When my ex called to tell me that she was gone, we shared tears over the phone...
Little Jezzy, you will always live in my heart♡♡♡♡


----------



## Time Bandit (Aug 17, 2010)

Just a word of caution...this story is pretty sad... 

We weren't allowed to have cats when I was growing up. My dad HATED them with a terrible passion.  But I did have a sweet girl from across the street who I took care of at night. Her name was Domino, a pretty black and white girl, who was severely abused by her "owners" (I would see them grab her by the tail and swing her across the yard, among other things...).

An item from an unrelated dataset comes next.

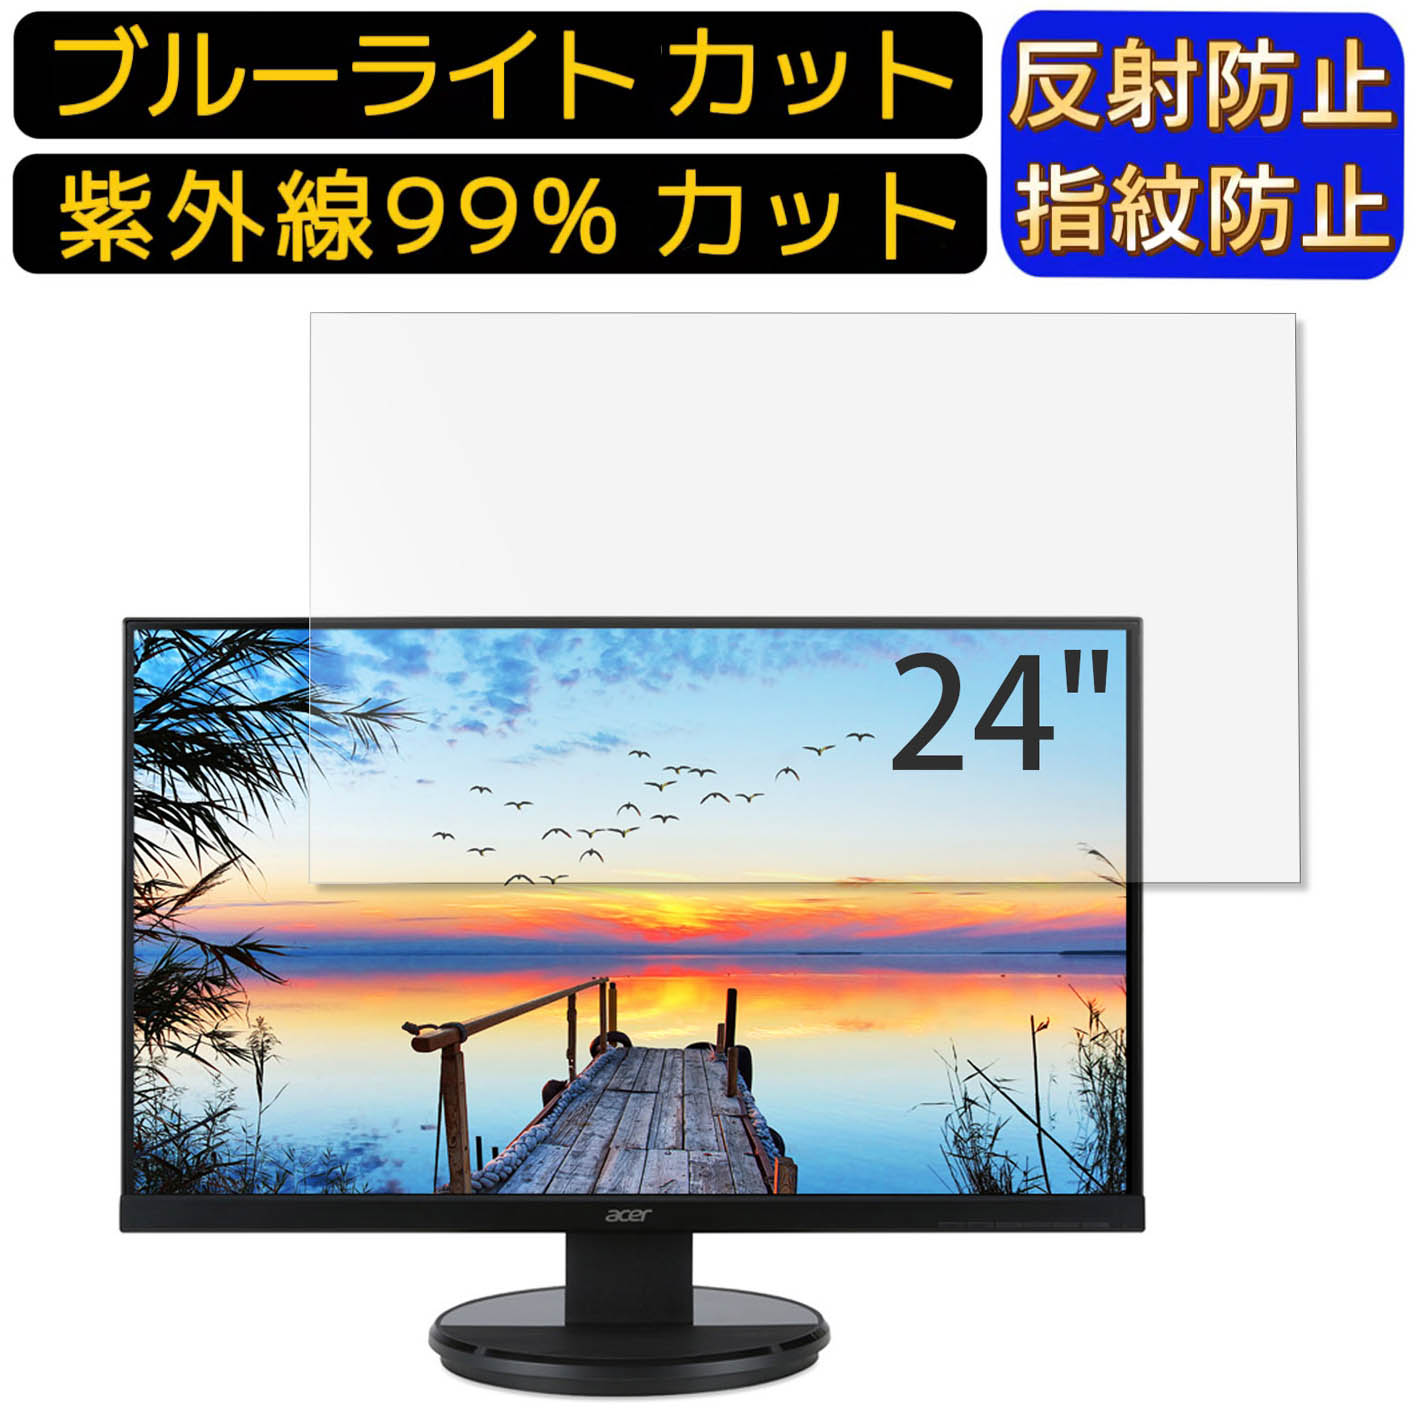 【ポイント2倍】Acer K242HLbid (K2) 24イ

I was 8 years old, and the first time I met Domino, I fell in love. But she had owners, and I knew my dad would kill me if he saw me with a cat. By day, Domino would wander her yard on patrol, and try to stay away from the abuse that was given her. By night, she would come to my window. The window screen was broken, and it was easy to let her slip inside. I would sneak in some extra meat from dinner (when possible...I was a slow eater so it was easy when I was the last one sitting at the dinner table to do), and we would play quietly and I'd watch her eat. Eventually, she would curl up next to me and sleep, and I knew that in the morning she would have to go back to those people who claimed to be her family and protector. It was devastating to me to have to let her go every morning.

One day shortly after I turned 9, I found her lying in the street. She had been hit by a car. I was the only one that cried. It was terrible. Still makes me tear up to this very day.


----------